Why don't we differentiate velocity wrt position in the Lagrangian?

Question

In Analytic Mechanics, the Lagrangian is taken to be a function of $x$ and $\dot{x}$, where $x$ stands for position and is a function of time and $\dot{x}$ is its derivative wrt time.

To set my question, lets consider motion of a particle along a line:

$$x: \mathbb{R} \to \mathbb{R} ~~as~~ t \mapsto x(t)$$

and take the Lagrangian to be:

$$L(x, \dot{x}) := \frac{1}{2}m\dot{x}^2 - V(x)$$

By applying the Euler-Lagrange equations:

$$ \frac{d}{dt}\left(\frac{\partial{L}}{\partial\dot{x}}\right) = \frac{\partial{L}}{\partial x}$$

we get back Newton's law of motion.

This follows formally where we consider $x$ and $\dot{x}$ as independent, but if we consider $\dot{x}$ as velocity, then it is indeed a function of position so when we partially differentiate $L$ wrt $x$ the $\dot{x}$-terms shouldn't vanish and this messes up the derivation. What am I misunderstanding?

edit

I am beginning to think that this is a non-question as some people seem to have suggested and I am being confused by the hand-wavy math in basic physics textbooks.

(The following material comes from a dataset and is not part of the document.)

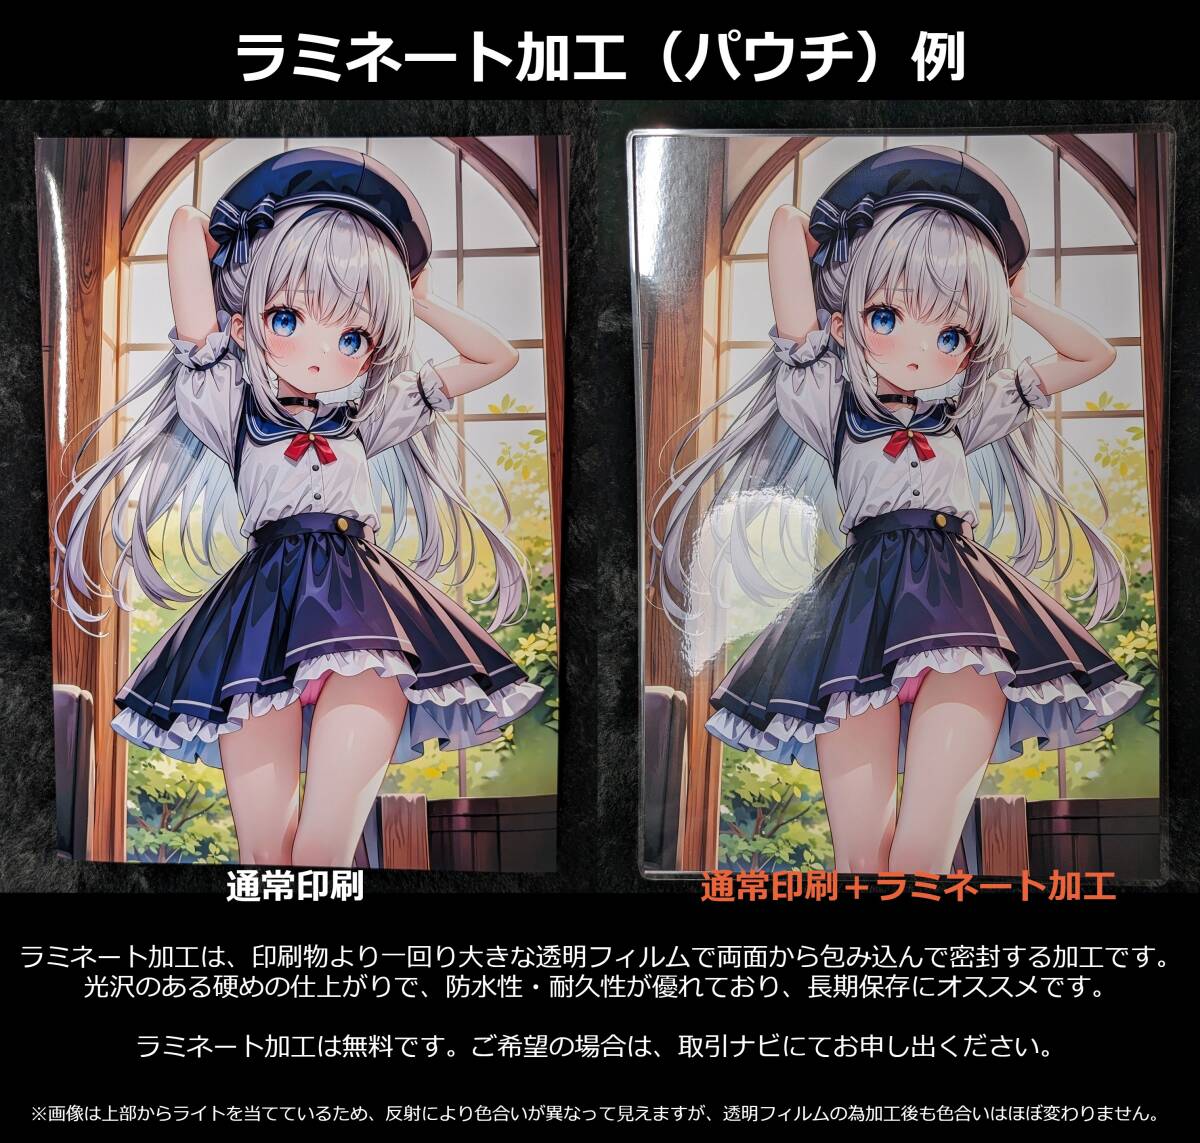 [ high resolution * extra / prompt decision privilege have ] anime series A4 original illustration art poster beautiful young lady beautiful woman beautiful . same person cosplay sexy underwear No.t1037

In the above example, let just consider $C$ to be the configuration space of the particle. Locally $C$ is given by the co-ordinate function $x: U \to \mathbb{R}$, the tangent bundle $\pi: TC \to C$ being locally trivial has as co-ordinate functions above $U$: $(x\circ \pi) \oplus dx: TU \to \mathbb{R^2}$.

We take the Lagrangian to be simply a functional: $TC \to \mathbb{R}$, which when written locally is in terms of $x$ and $\frac{\partial}{\partial x}$.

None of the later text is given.